In Roman Stoicism, I saw the hard wisdom of the men who raised me. They had suffered sorrow, poverty, and discrimination. Some had been beaten, extorted, or unjustly arrested. They took pride in their capacity for work and self-sufficiency. They remembered their troubles and deprivations, but they did not define themselves by their trauma. The were fatalistic, but happy. No one had much money or property, but they felt what they had sufficed. They were suspicious of luxuries. They viewed their troubles with laughter rather than anger. Stoicism wasn’t a philosophy. It was my family.
Dana Gioia
Similar to John Stuart Mills father James, Gioia absorbed the stoic lessons from the examples the men around him lived out.
Dana Gioia snapped my synapses when he shared this definition of the novel:
Now, the great thing of literature–and this is literature as distinct from film and other theater, which are forms of storytelling–but the beauty of the novel and poetry is that they essentially are our cultural machinery for articulating the inner lives of people. In effect, the novel is based on–the very definition of the novel, although people never talk about this–is based on irony. Which is to say, somebody’s outer life is doing this and their inner life is doing that.
It’s hard to think of a novel that doesn’t follow this idea. I’m sure there’s some experimental four hundred pager out there, but the novels I truly know all exhibit this tension between the characters inner and outer life.
In Tolkien’s The Hobbit – Bilbo duels between his craving for comfortable Shire life and his Took instincts for adventure.
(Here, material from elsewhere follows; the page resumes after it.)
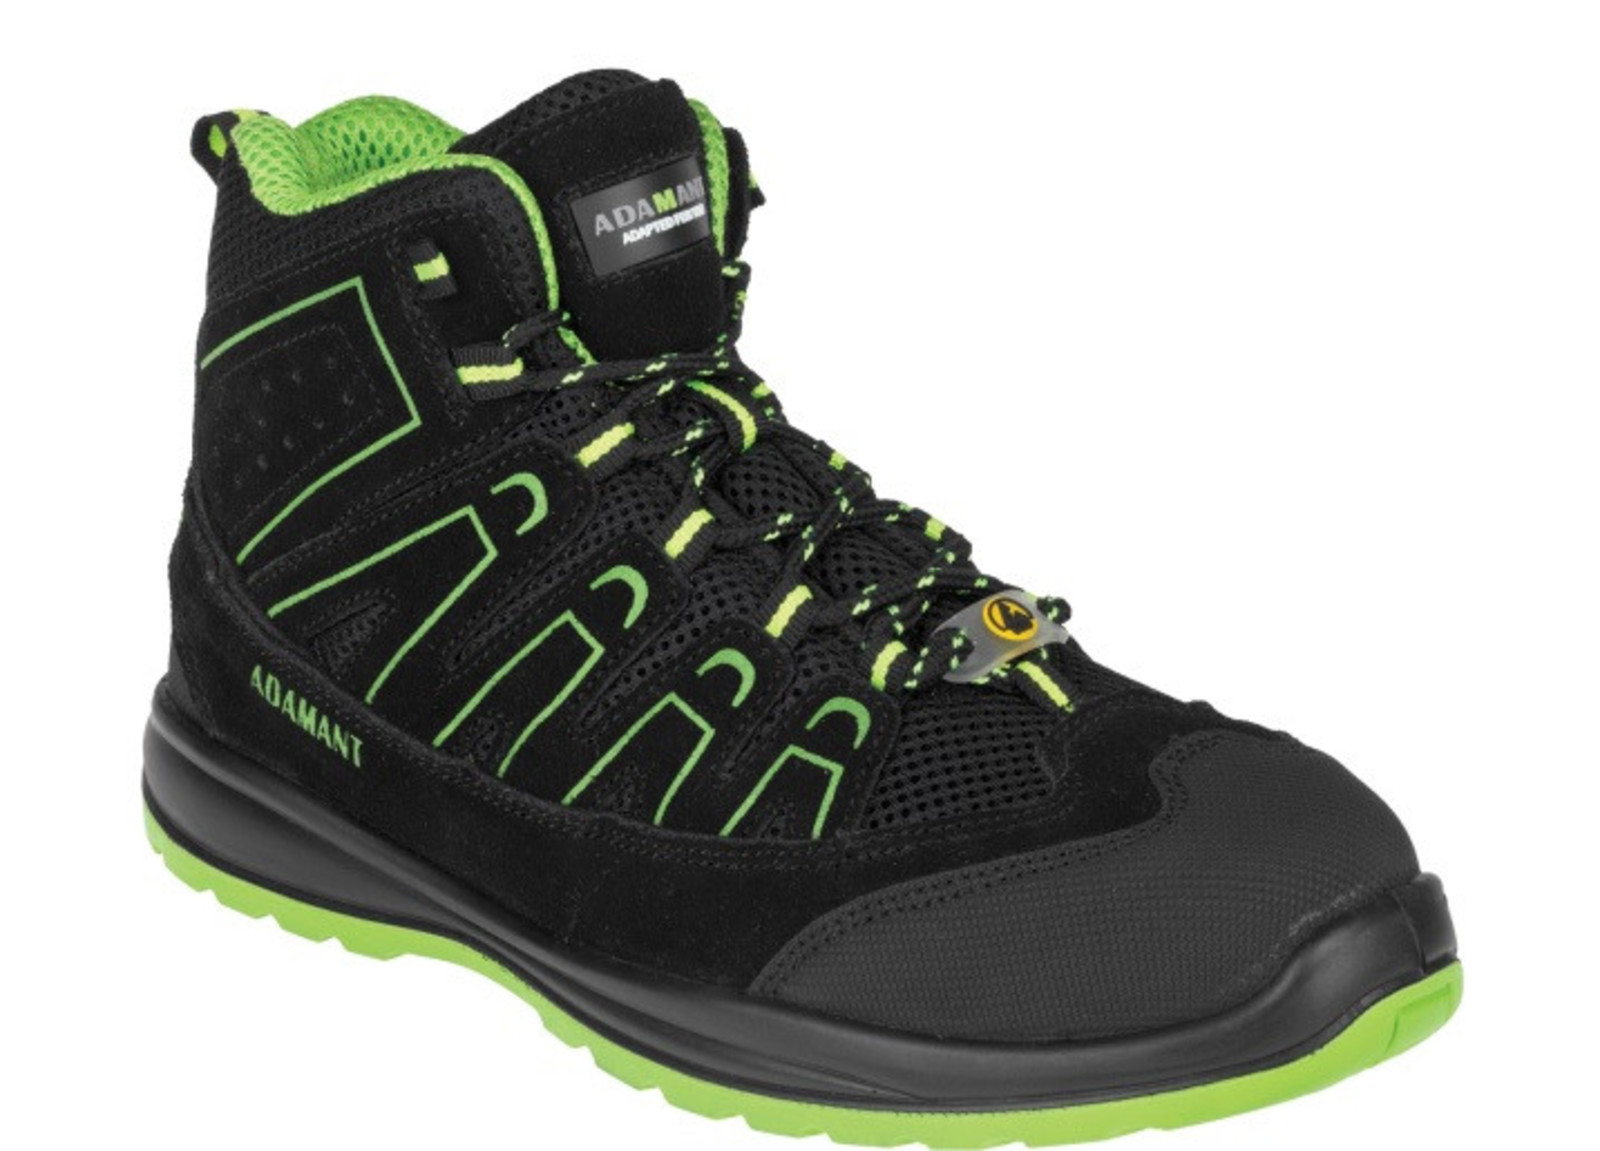 Bezpečnostná obuv Adamant Alegro S1P ESD - veľkosť: 48, farba: čierna/zelená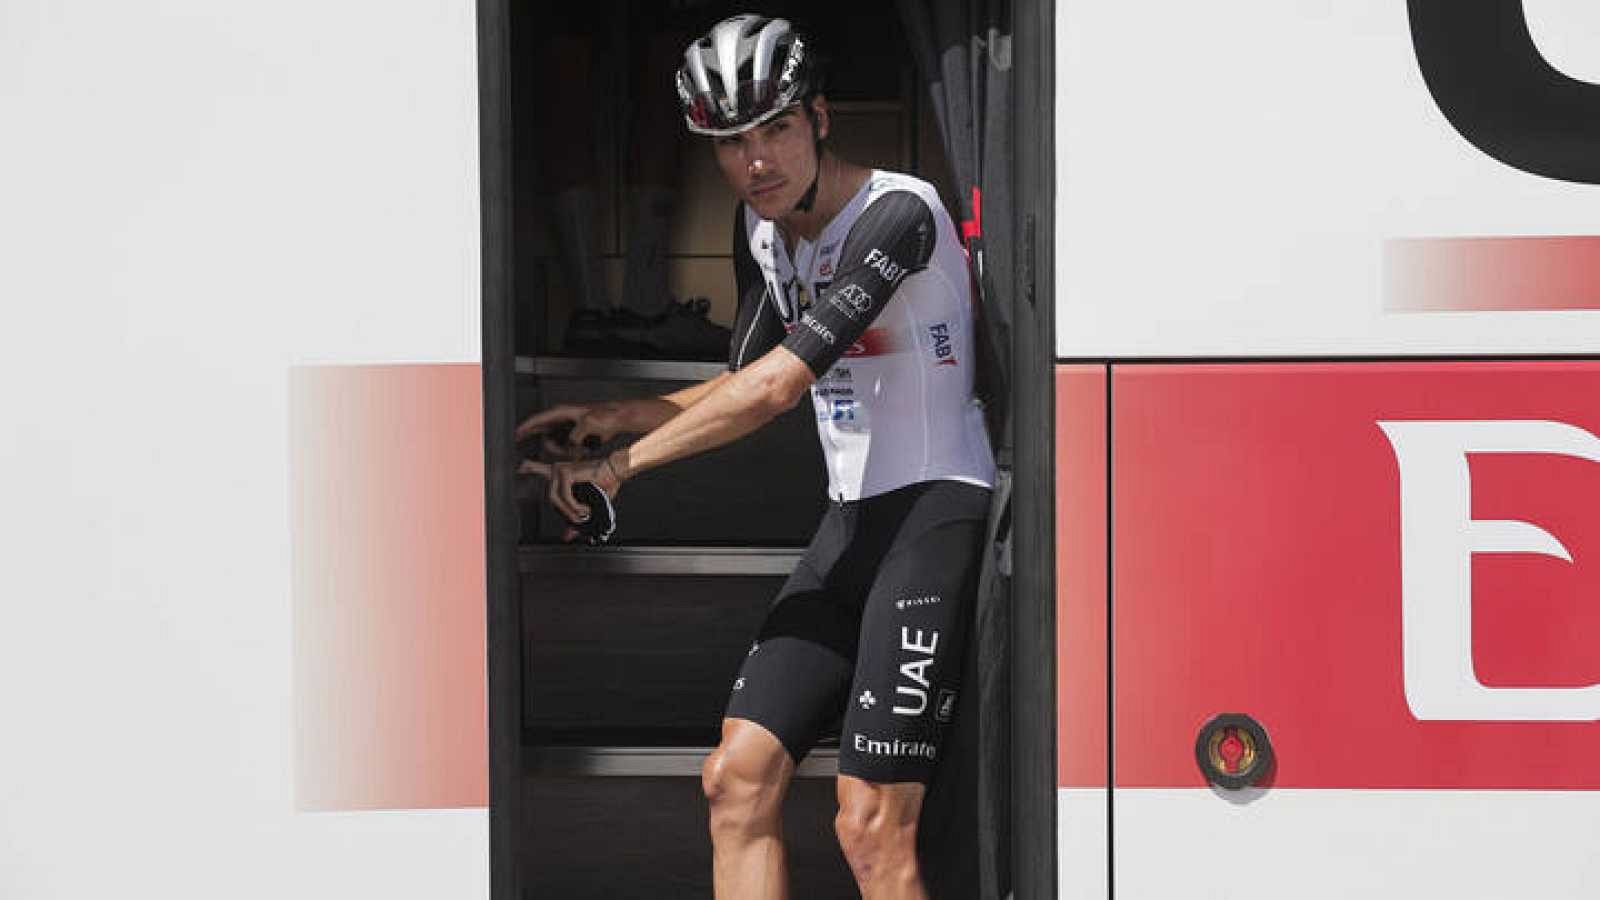 Juan Ayuso, ante el final de la Vuelta: "Prefiero arriesgar a quedar cuarto sin haberlo intentado" -- Ver ahora

In Jeff Smith’s Bone – Fone Bone longs to return to Boneville, but harbors a secret love for Thorn who could never follow him there (Graphic novels count too right?).
Or in Jhumpa Lahiri’sThe Namesake – Gogol’s divided between the need to honor his parents and his traditional Indian heritage, and the allure of American success.
Irony threads through all of them. And novels will no longer read the same to me.
Russ Roberts and Dana Gioia’s conversation was inspiring throughout.